The technical support platform in the $1305 per ounce area came to the rescue of gold once again last week, with five consecutive days of gains, taking the precious metal from the gapped up open of Monday at $1313 per ounce to end the week at $1341.70 on the December contract.
As I suggested in one of my previous posts for gold, the FED delivered a helping hand following the decision to leave rates unchanged, and driving the price higher on strong volume, and back to the volume point of control which remains in the $1338 per ounce area. However, note the falling volumes on Thursday and Friday with little follow through, with early trading seeing gold move lower to currently trade at $1338 per ounce.
Despite this bullish sentiment, longer term gold remains rangebound, and continues to trade within the spread of the Brexit candle of late June, with both Thursday and Friday’s price action testing the well developed resistance area at the $1345 per ounce price point, which to date has help firm.

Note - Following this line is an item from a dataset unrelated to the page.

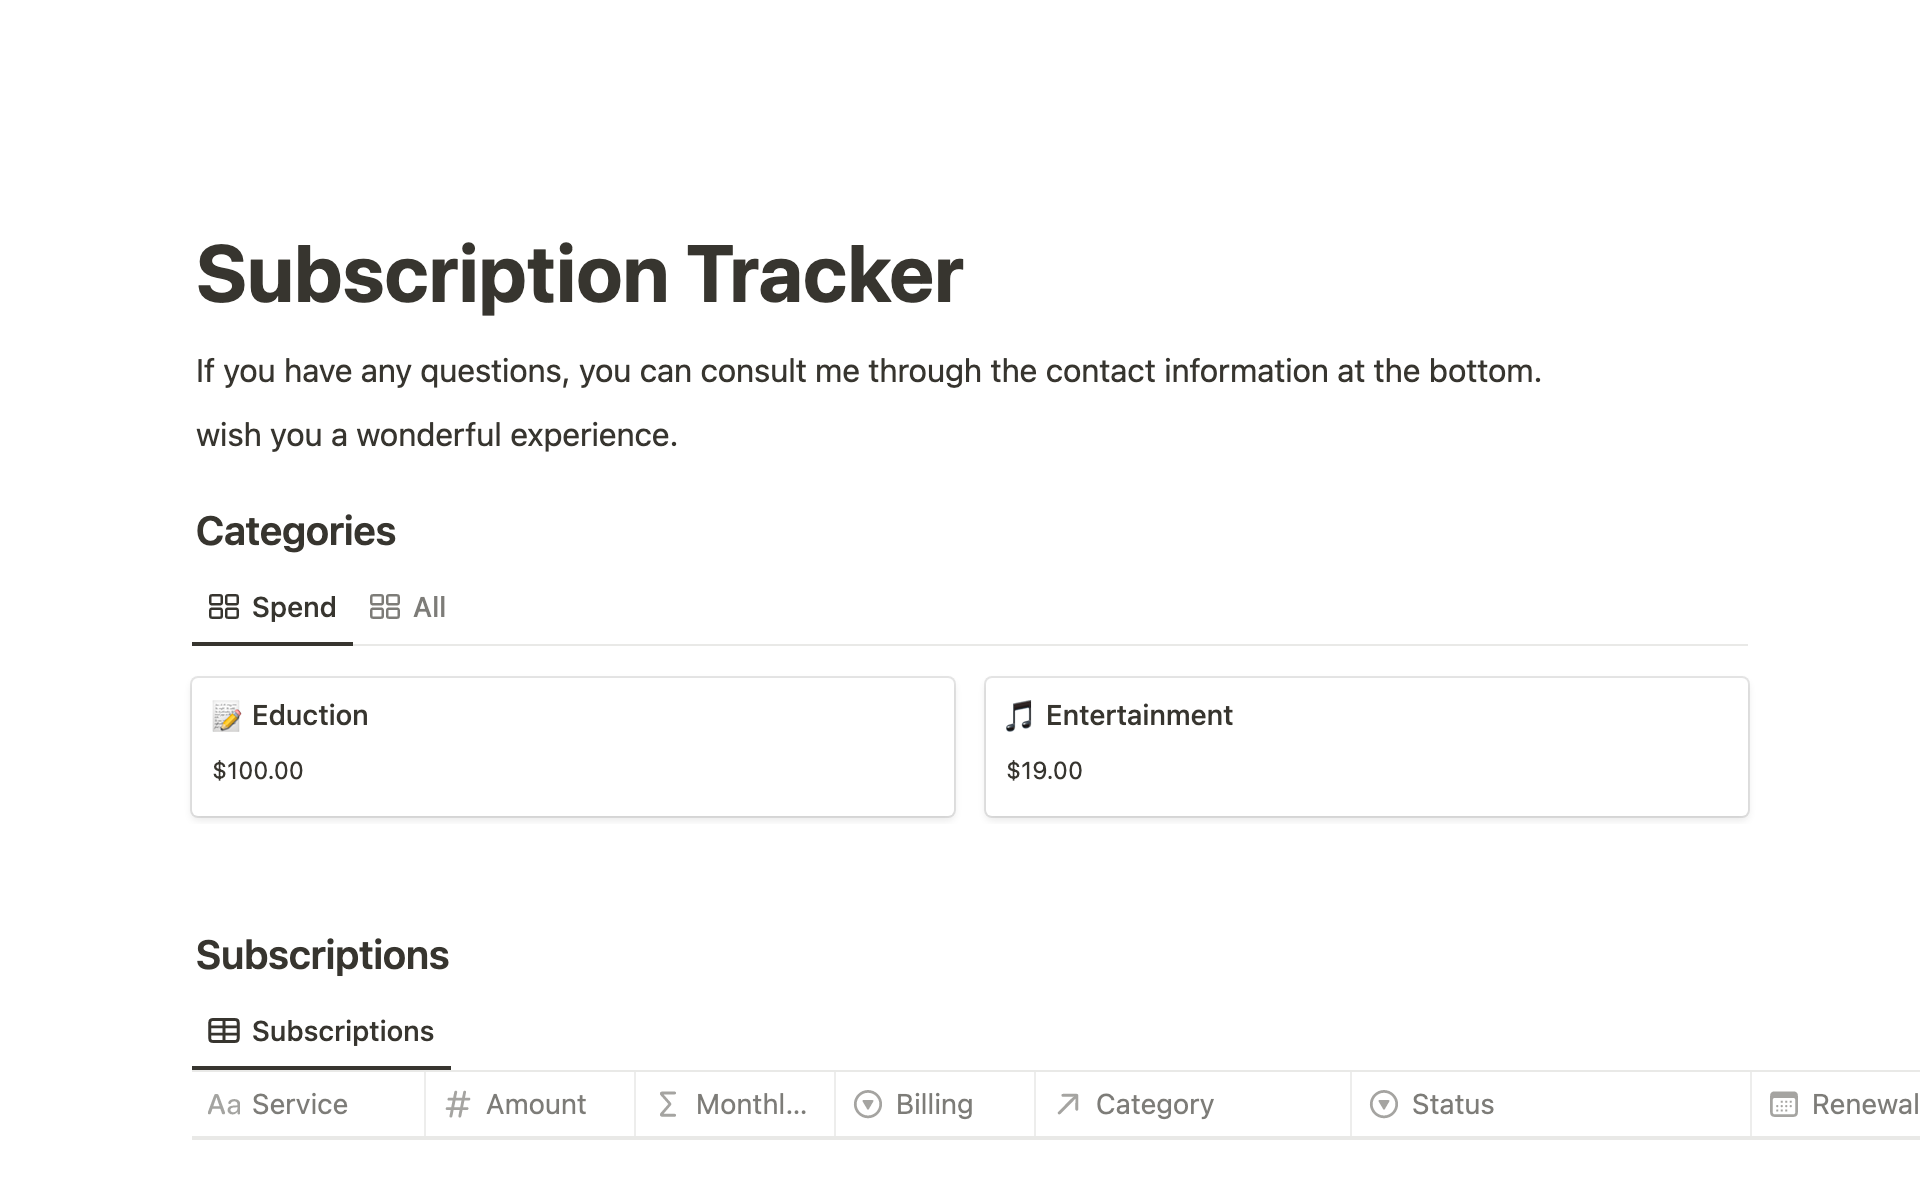 Easily record your subscription information

For longer term speculators and investors the technical picture is clear, and until we see the current tunnel range breached, we can expect further congestion to build with the VPOC providing the fulcrum around which this market is currently balanced, and transacted volumes building accordingly in this area. To the upside the ceiling remains in place at $1385 per ounce, but it is interesting to note the general decline in each attempt to rally, with secondary resistance building at $1360 per ounce. The floor of support is well defined, and should this fail to hold in further testing longer term, a deeper move to test the $1260 per ounce area is then likely. In the meantime, patience is the key!